▶ [ACTION ITEM] A verbatim repeat of the lines below is required, with the pictures removed.

▶ [DATA BELOW]
════

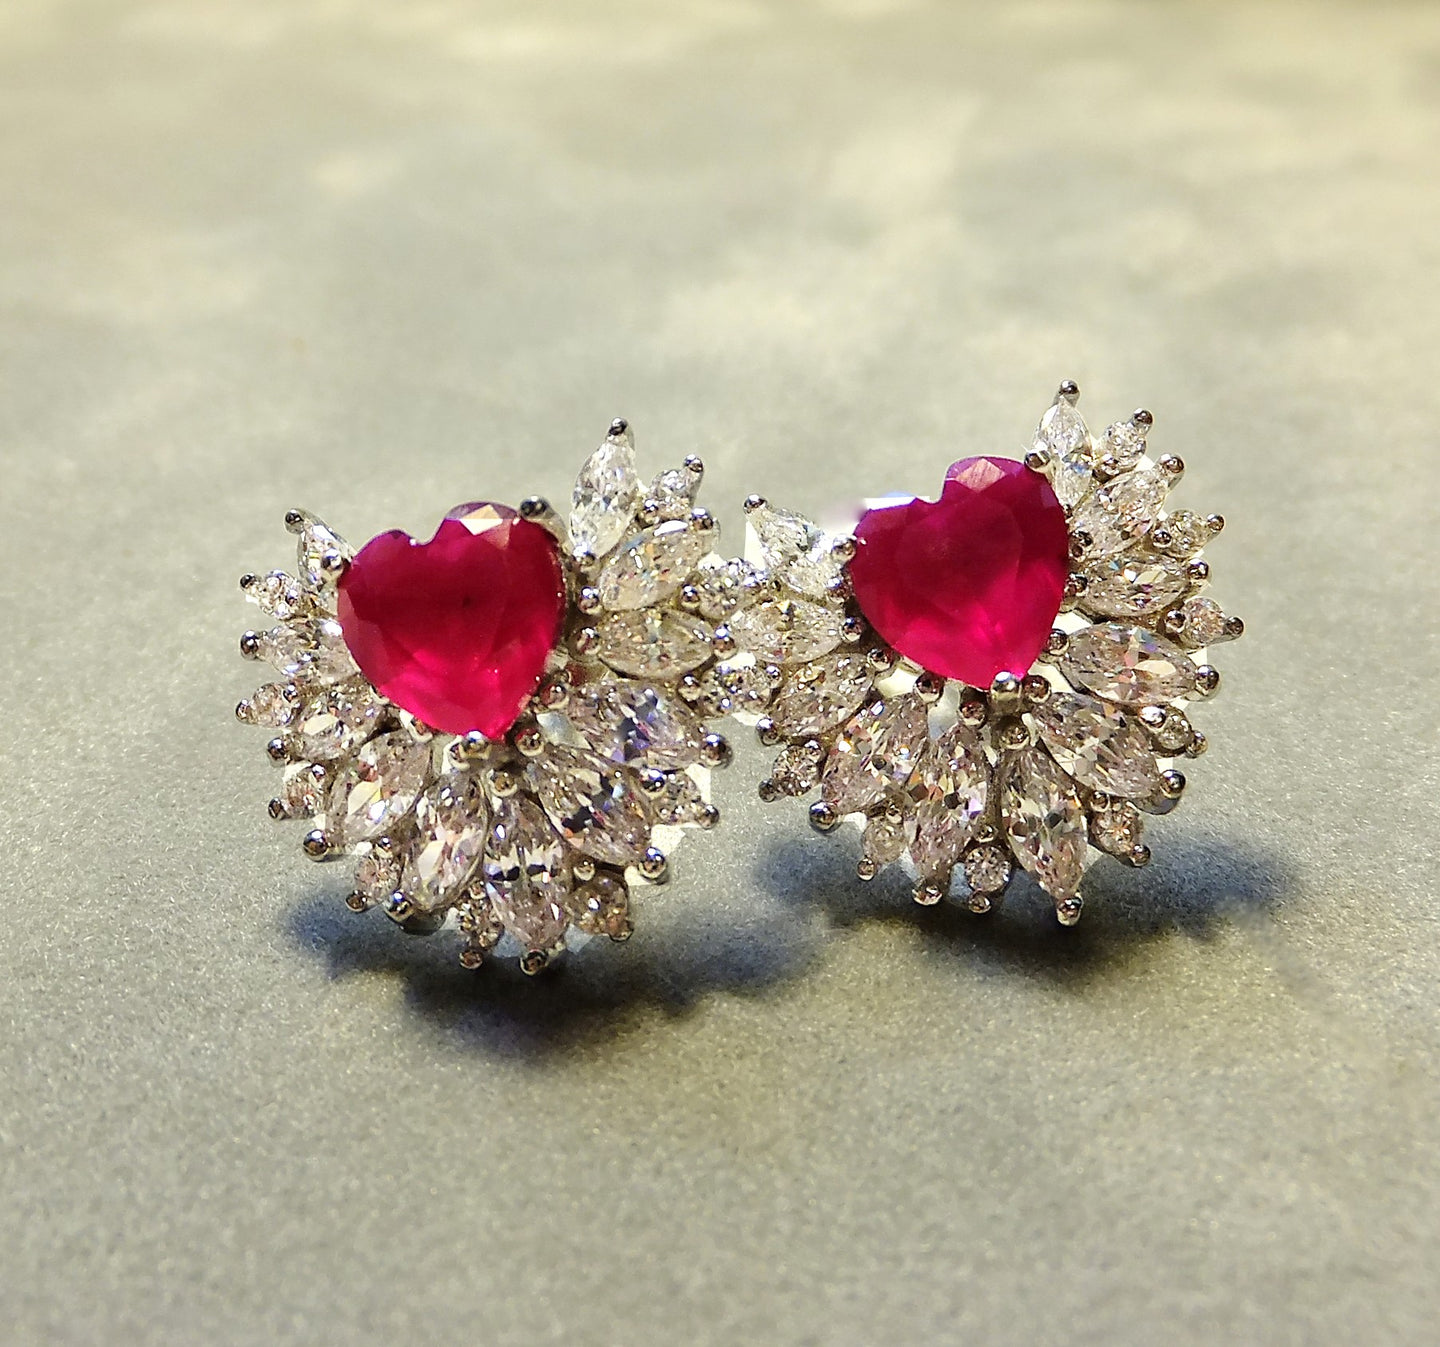 Ruby heart stud earrings with white topaz gemstones
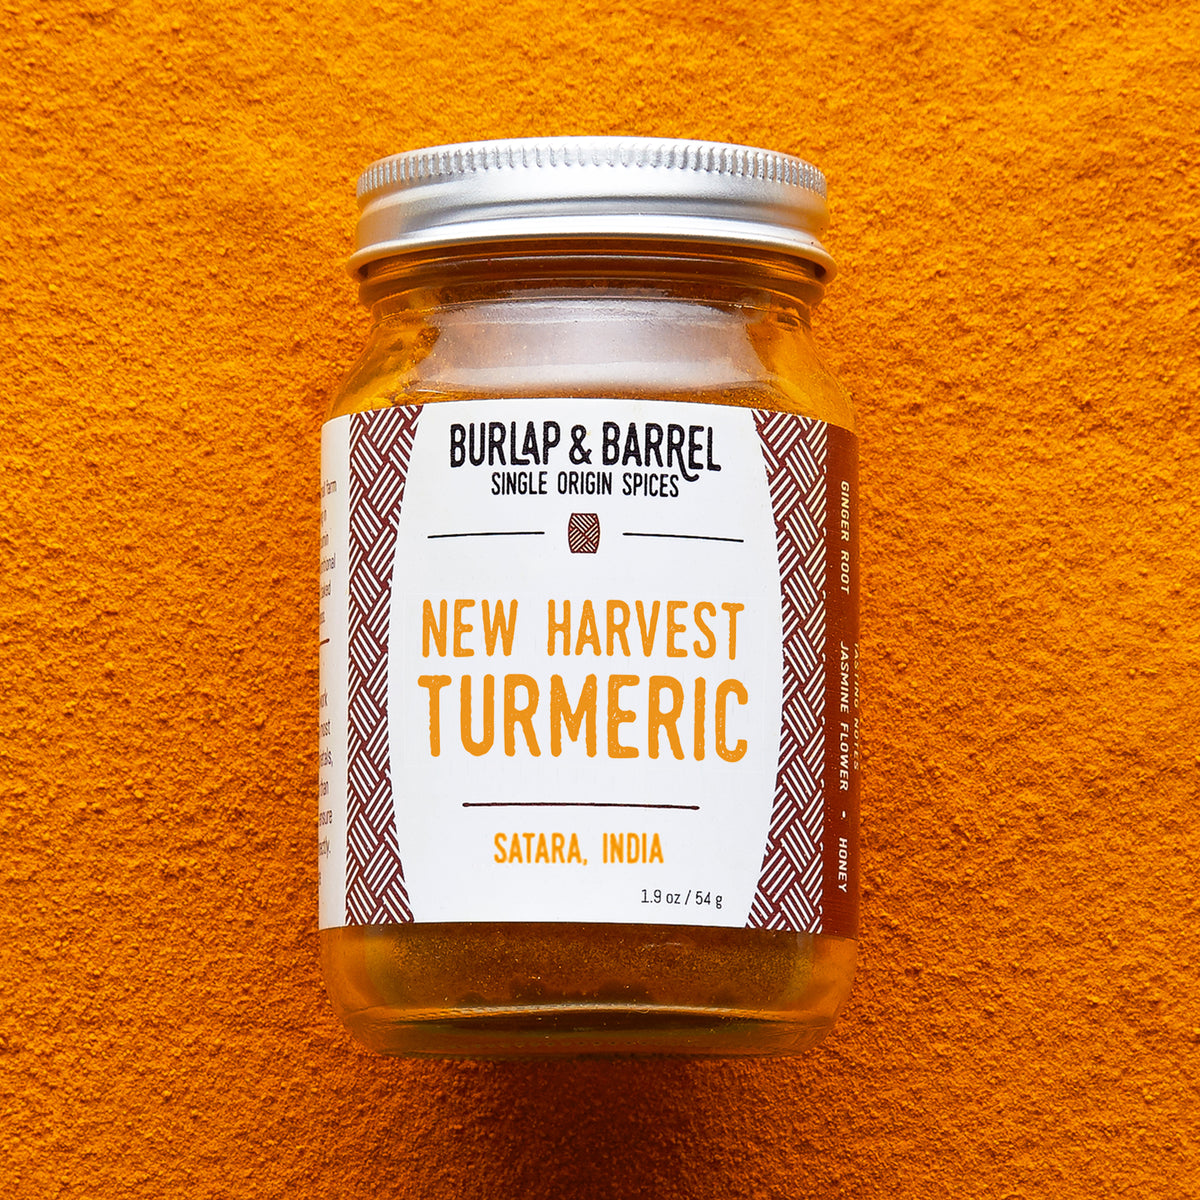 New Harvest Turmeric - Burlap & Barrel
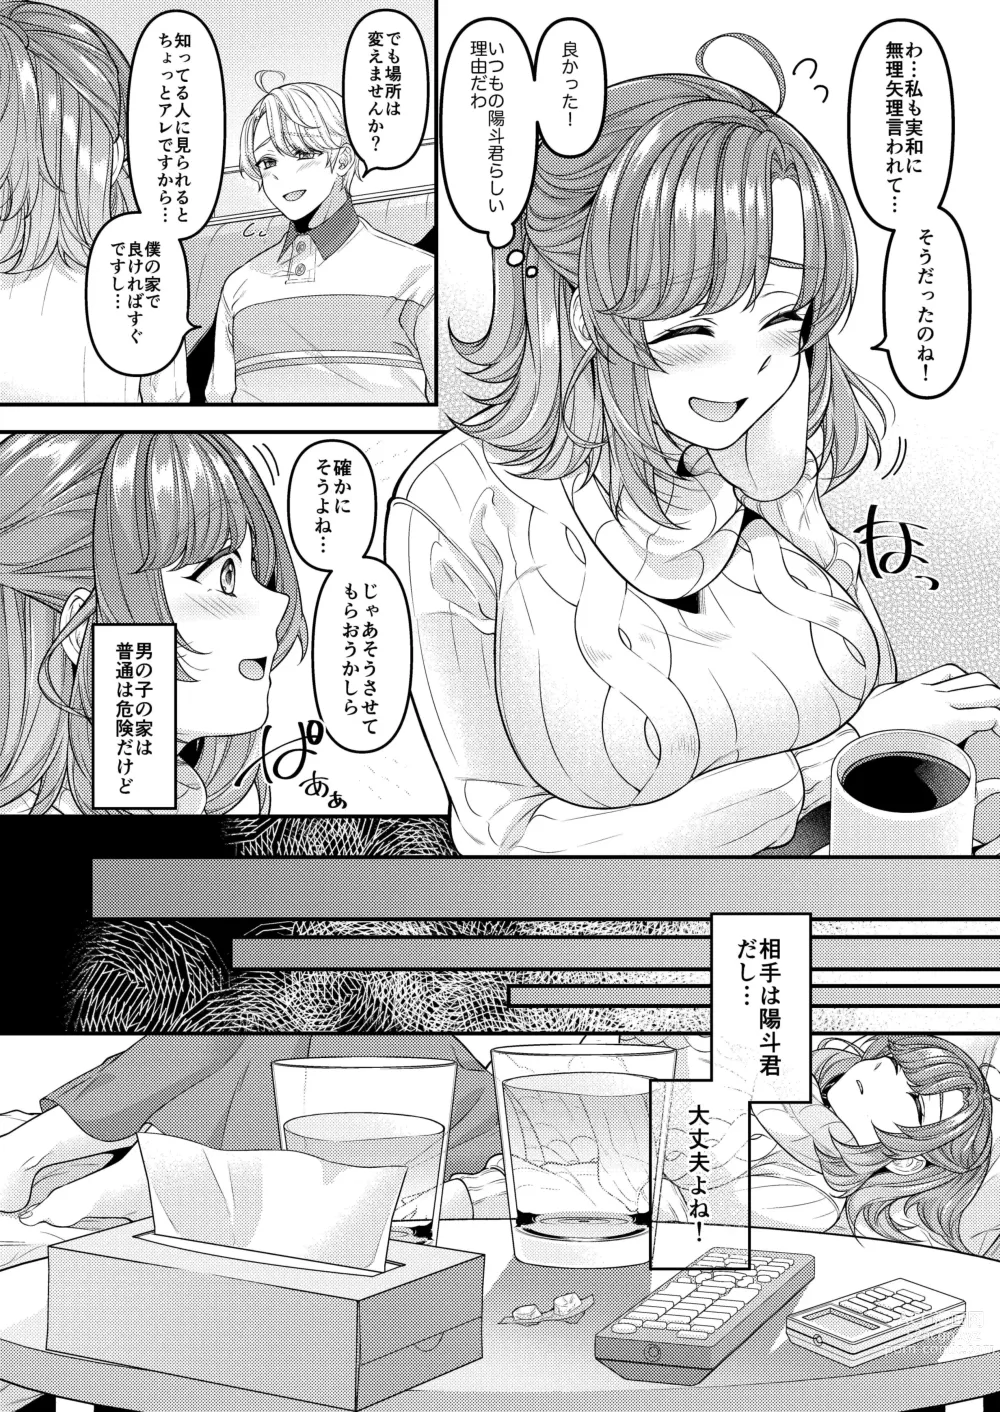 Page 7 of doujinshi Okaa-san, Mamakatsu ni Hamattemasu - Im addicted to feeling good with young guys.
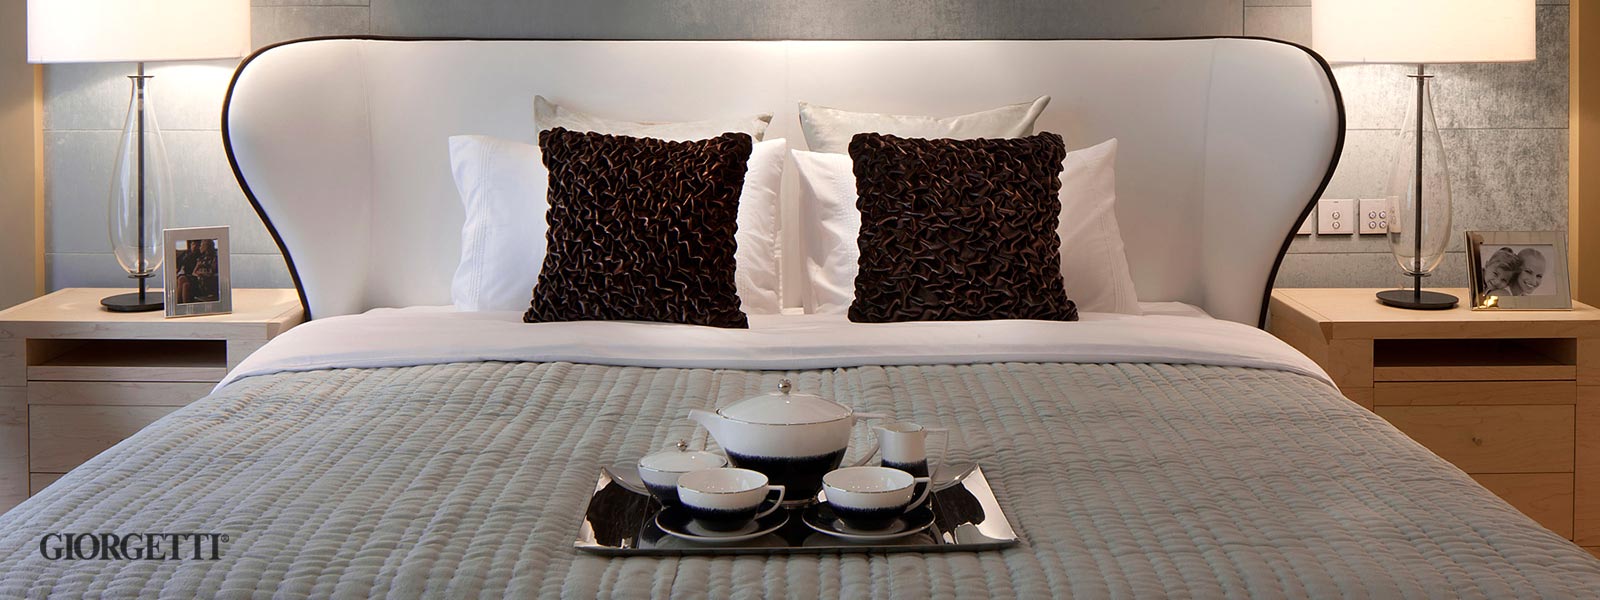 Giorgetti modern Italian bed set

════

▶ [ANSWER TO THIS EXERCISE]
 Ruby heart stud earrings with white topaz gemstones
 New Harvest Turmeric - Burlap & Barrel
 Page 7 of doujinshi Okaa-san, Mamakatsu ni Hamattemasu - Im addicted to feeling good with young guys.
 Giorgetti modern Italian bed set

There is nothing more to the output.